» **Extracted material**:
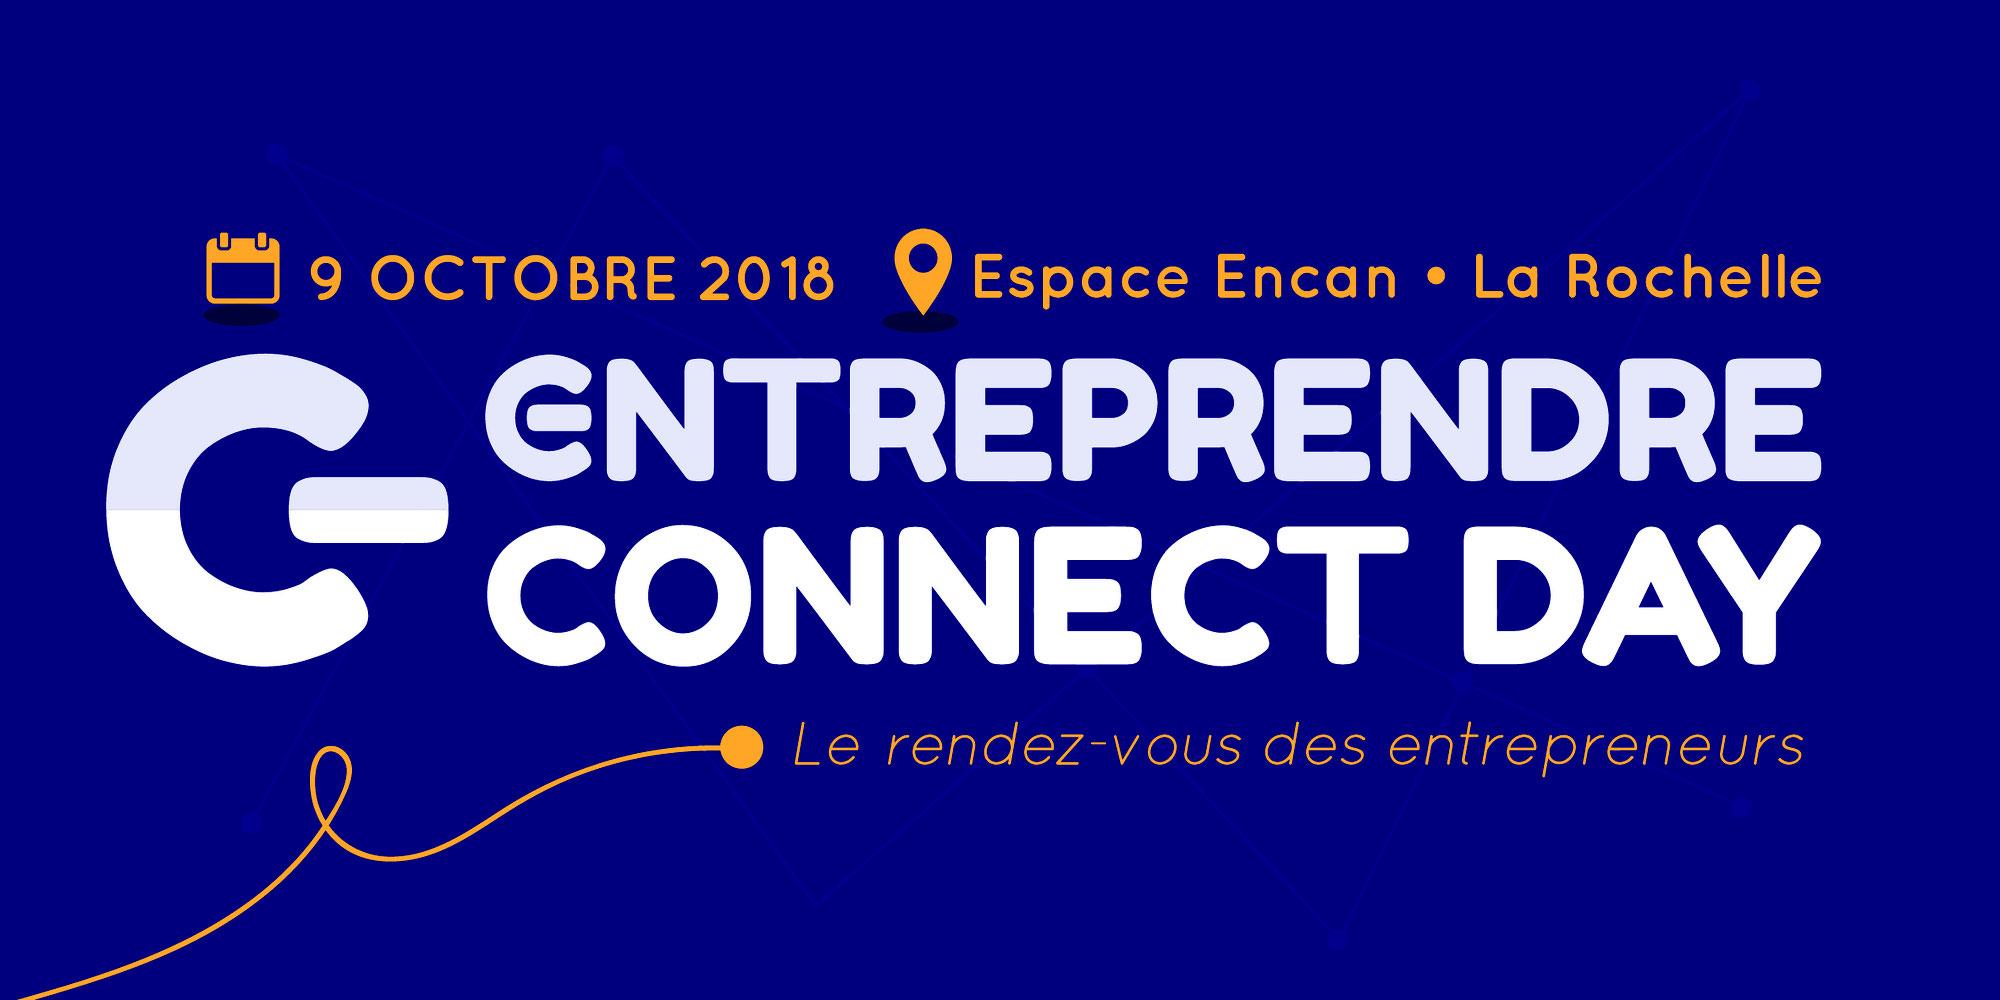 Le rendez-vous des Entrepreneurs Made in La Rochelle is back !!
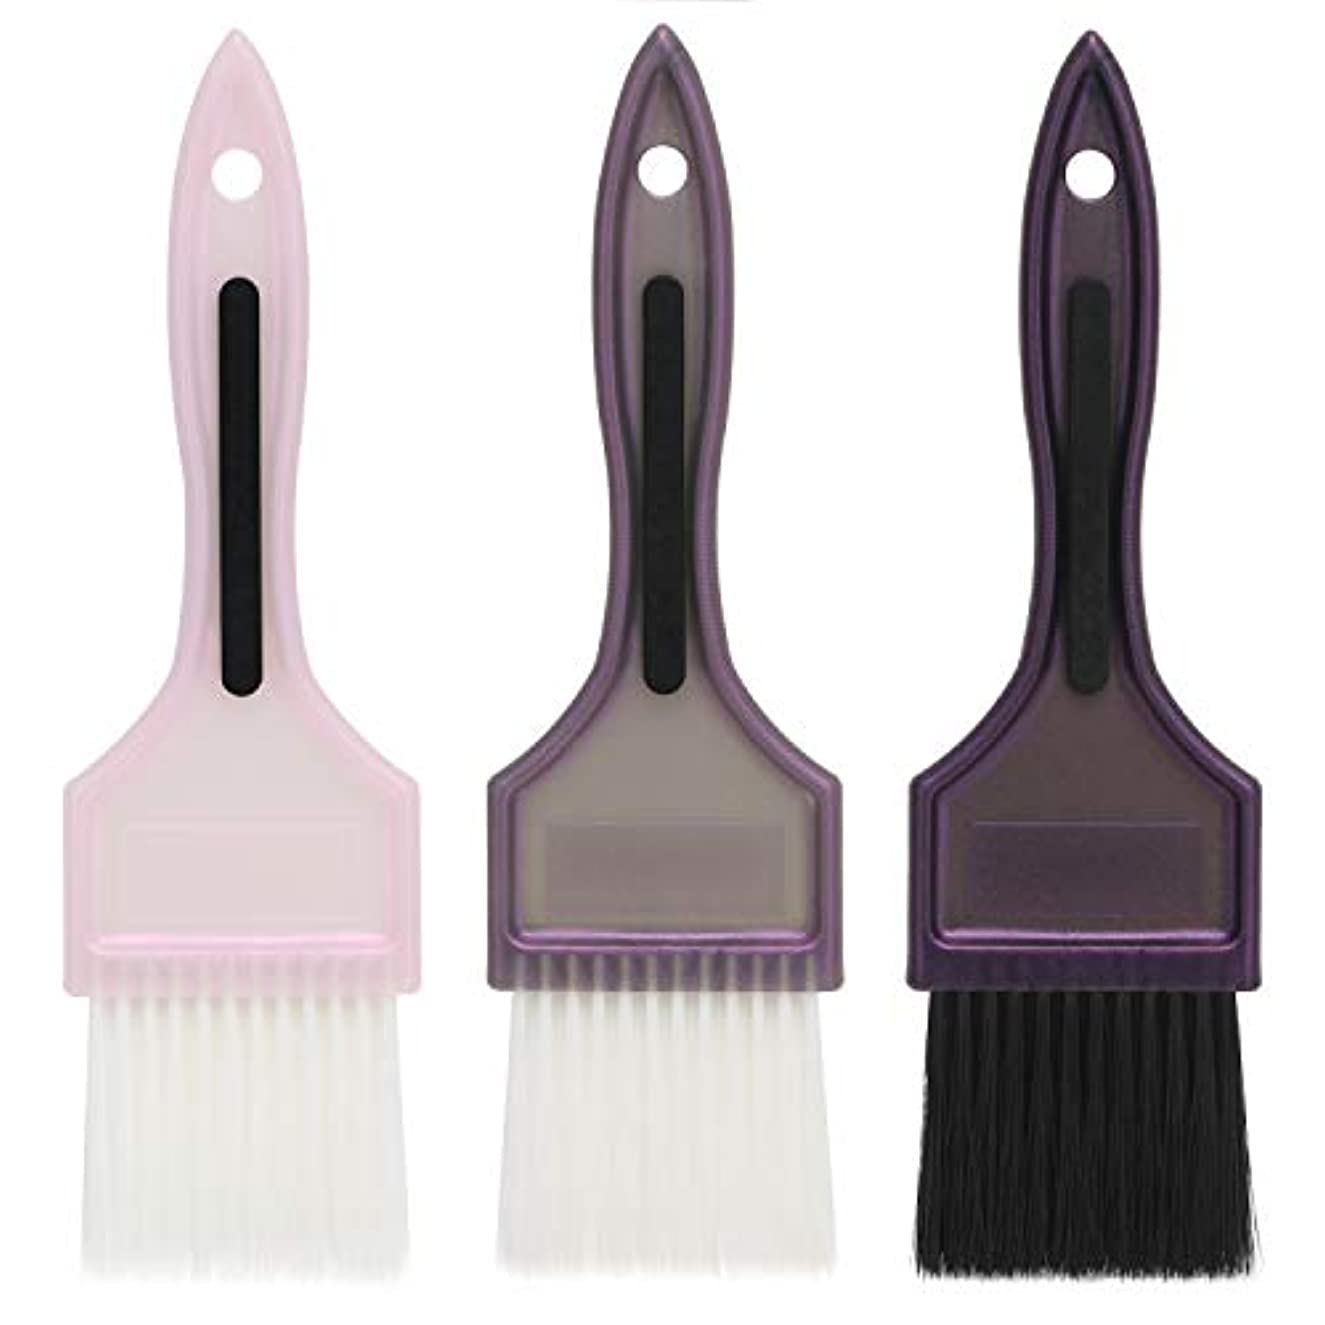 表面的な緯度好むSegbeauty 髪染め用 ヘアダイブラシ 3本セット カラーブラシ
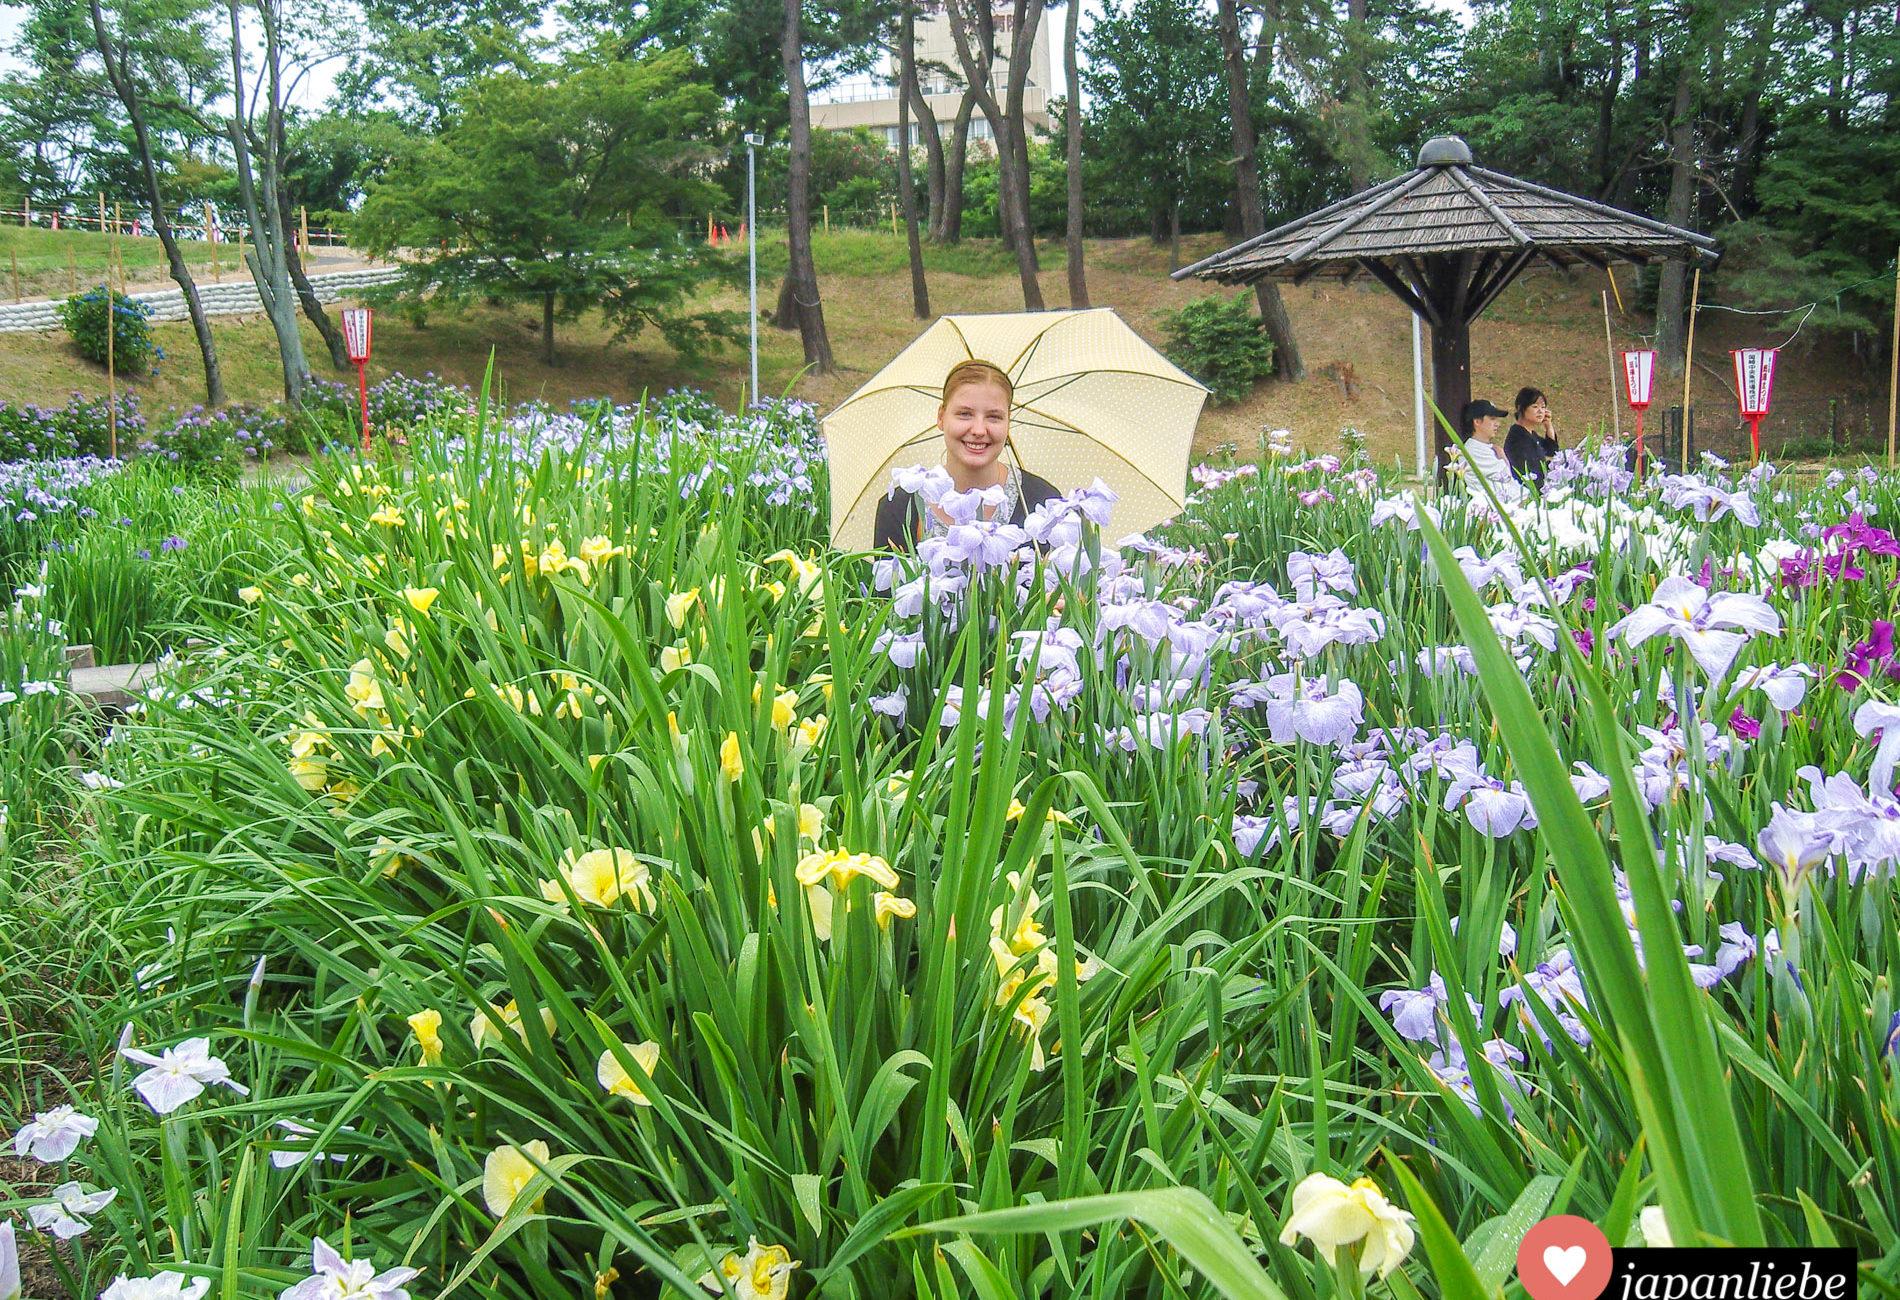 Auch in der Regenzeit kann man in Japan tolle Tage verbringen. Vor allem, wenn der Iris so schön blüht wie hier in Okazaki.
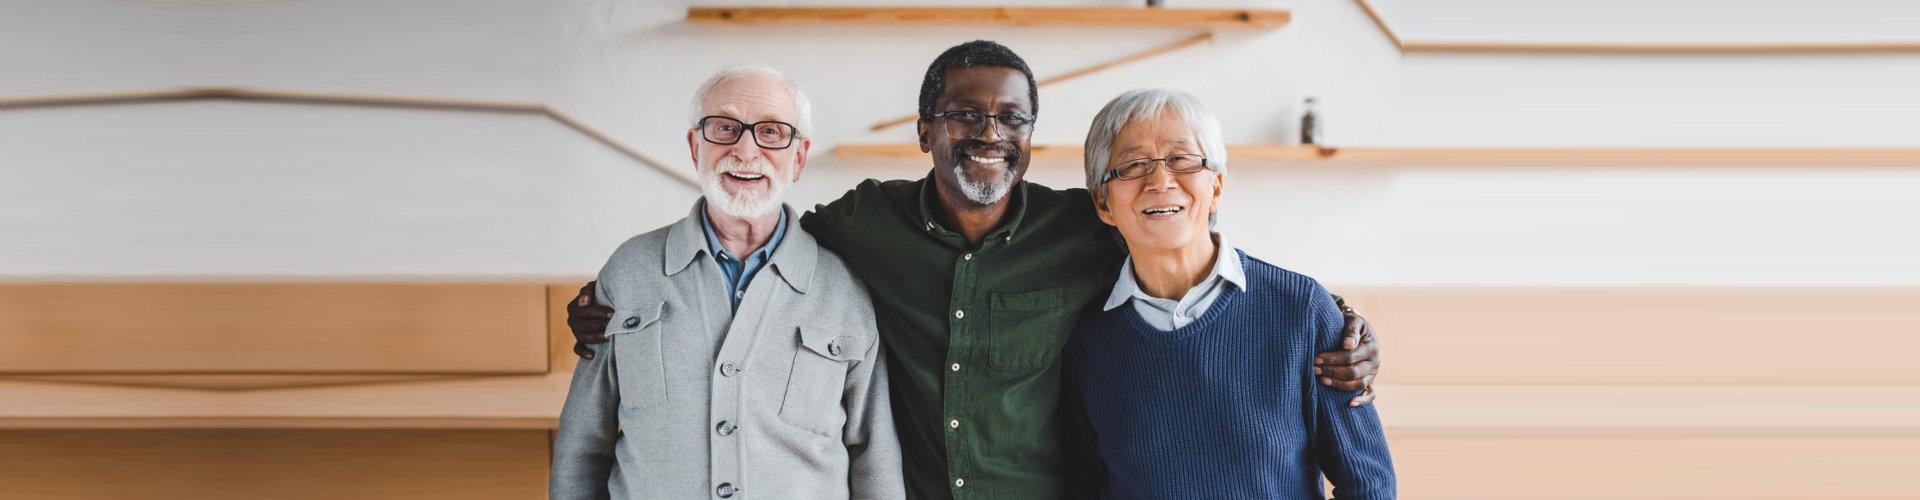 three senior men smiling
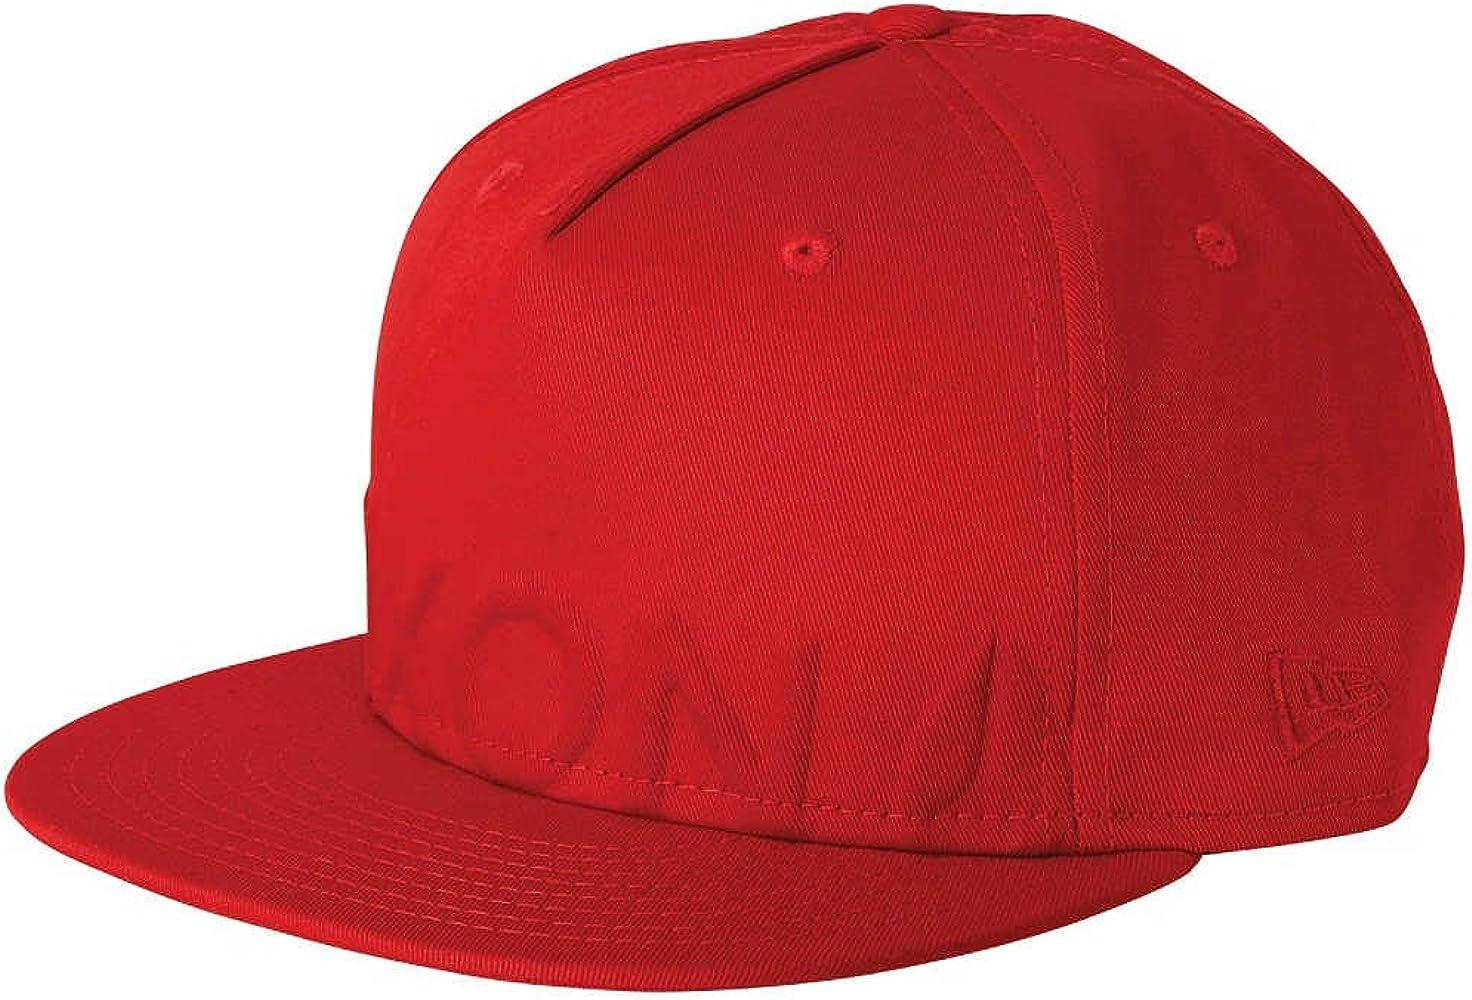 Nixon - Gorra de béisbol - para hombre rojo 7 1/8: Amazon.es: Ropa ...

» **The problem**: Only the lines from the one with "Auch in der" through the final line of the entries above should be transcribed, exactly and without pictures.

» **Written answer**:
 Auch in der Regenzeit kann man in Japan tolle Tage verbringen. Vor allem, wenn der Iris so schön blüht wie hier in Okazaki.
 three senior men smiling
 Nixon - Gorra de béisbol - para hombre rojo 7 1/8: Amazon.es: Ropa ...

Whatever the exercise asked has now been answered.